## THE TASK
Pictures are to be left out. Return exactly the lines below from the one with "Coupon-Réponse International 0,70" up to and including the one with "Клиника МЕДА - победитель".

## DATA FOR THIS TASK
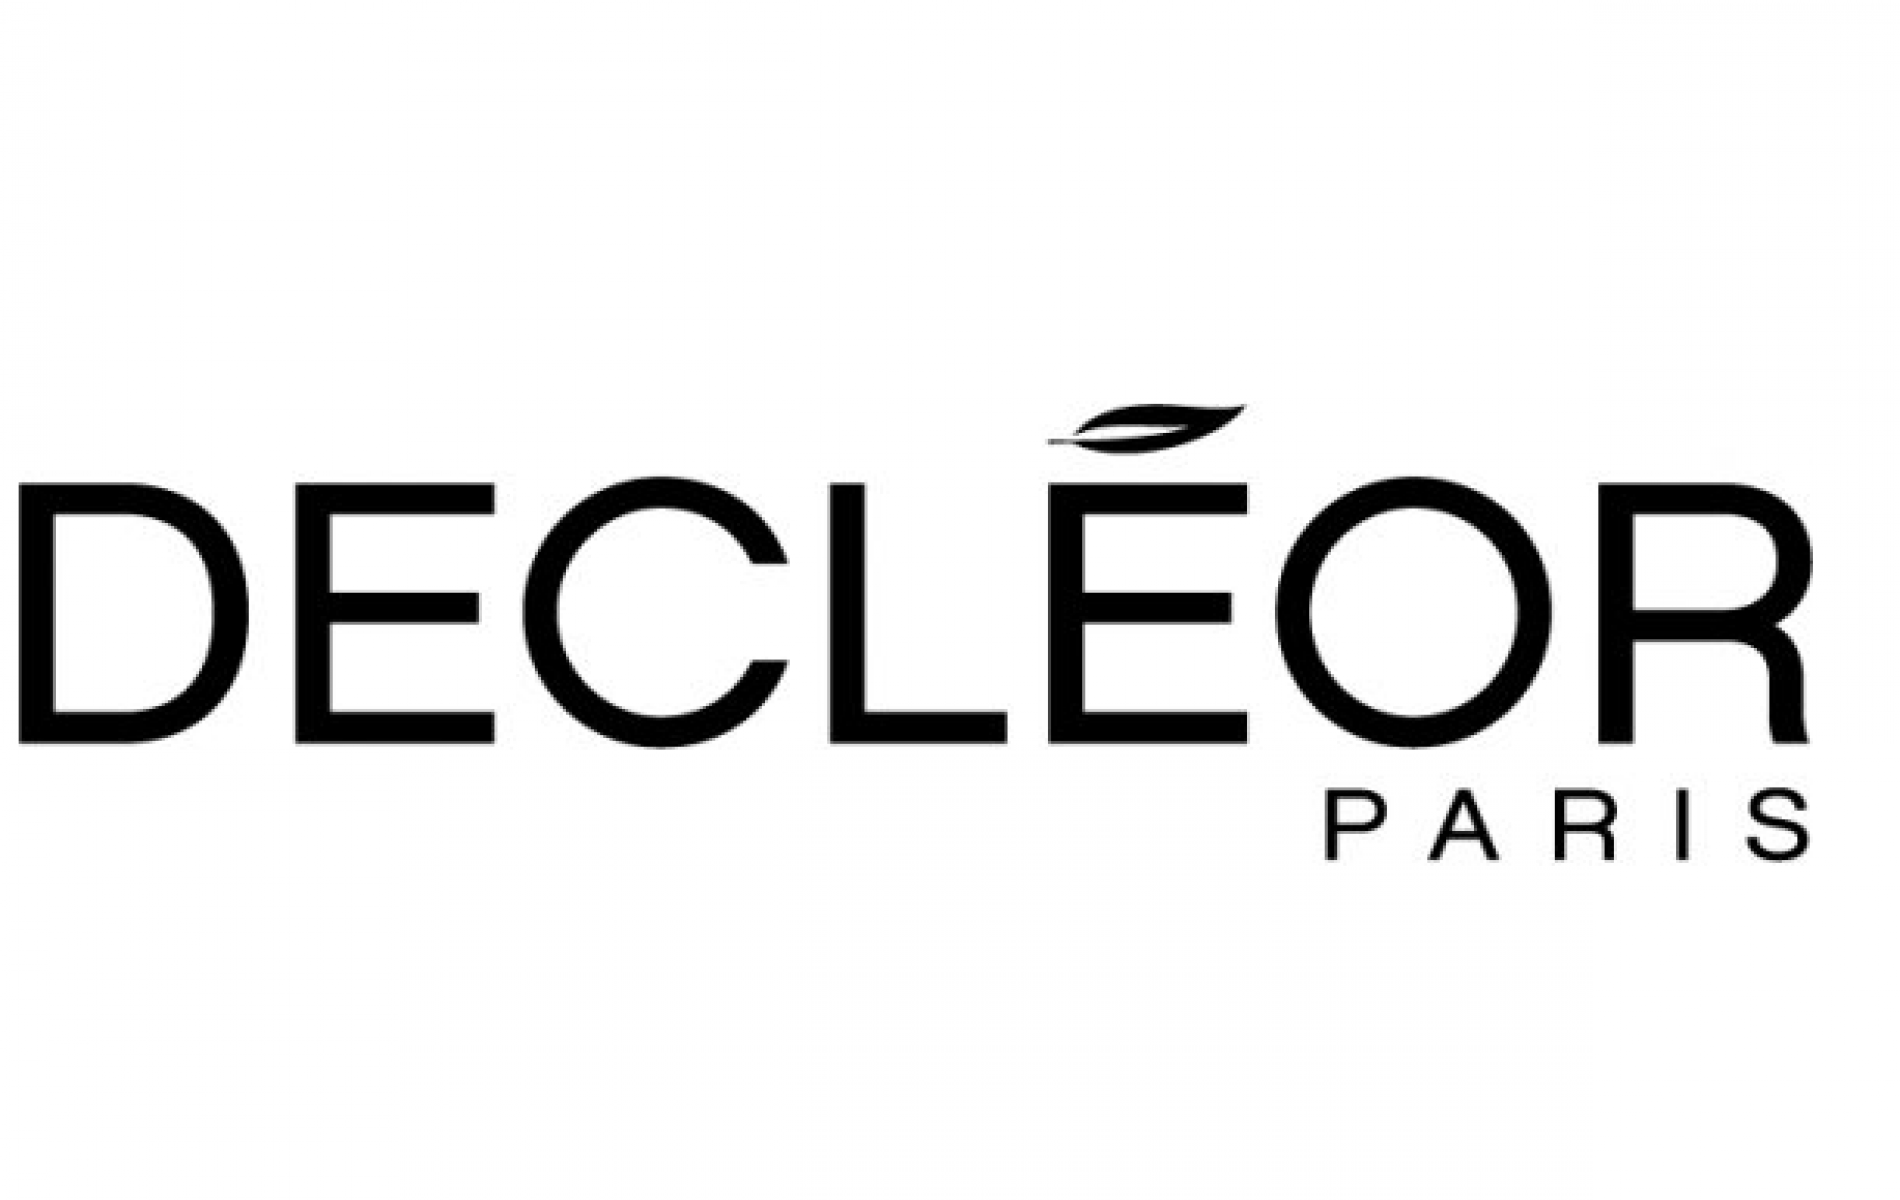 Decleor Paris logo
* * *
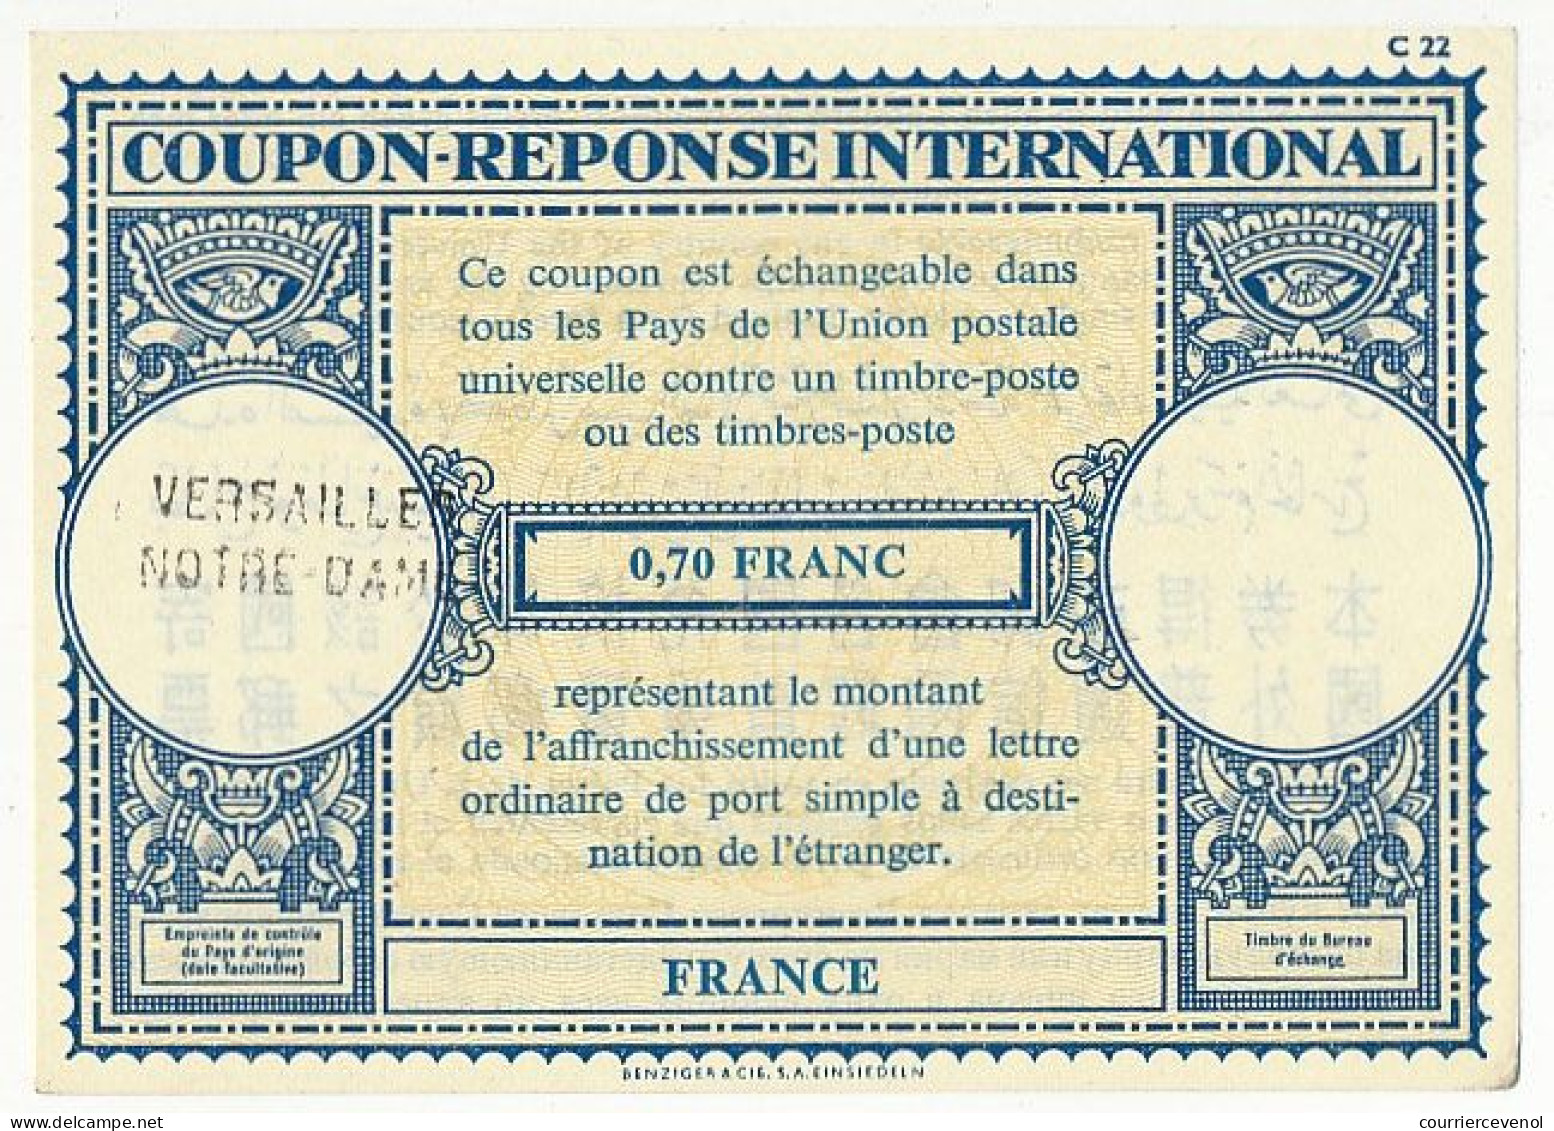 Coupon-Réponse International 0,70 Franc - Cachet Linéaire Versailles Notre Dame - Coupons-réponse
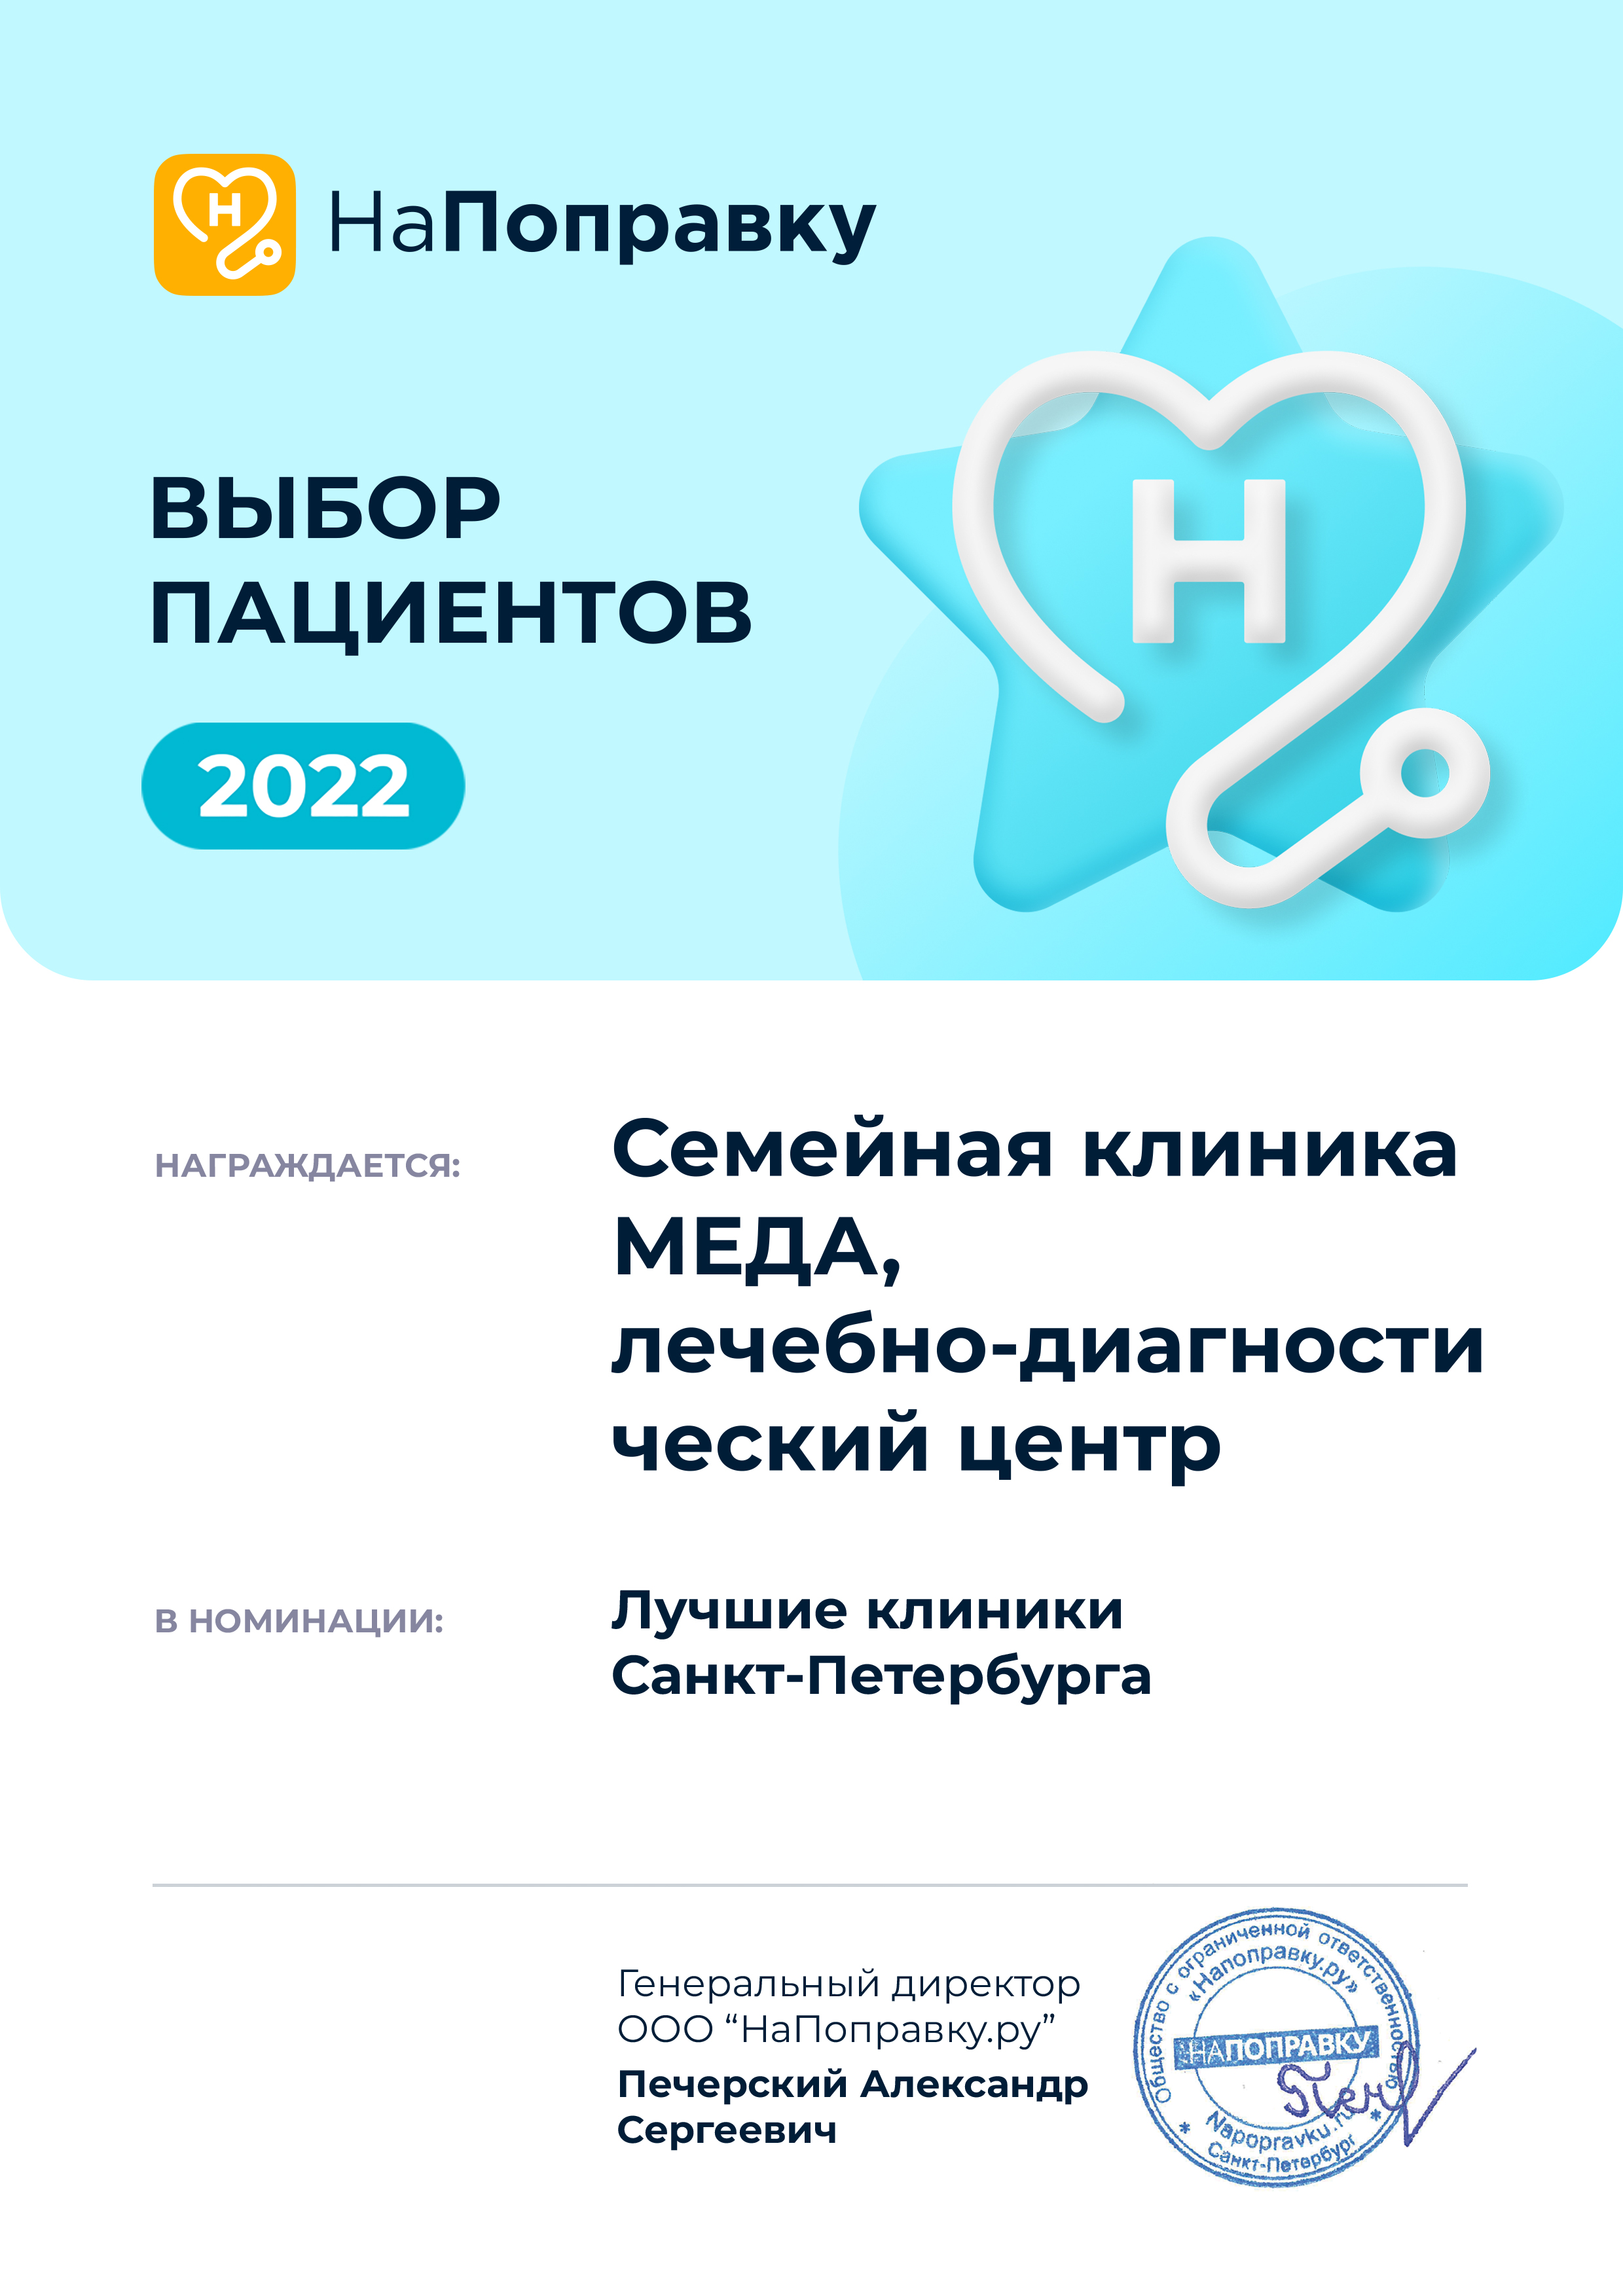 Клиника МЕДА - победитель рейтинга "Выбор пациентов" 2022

## WORKED SOLUTION
 Coupon-Réponse International 0,70 Franc - Cachet Linéaire Versailles Notre Dame - Coupons-réponse
 Клиника МЕДА - победитель рейтинга "Выбор пациентов" 2022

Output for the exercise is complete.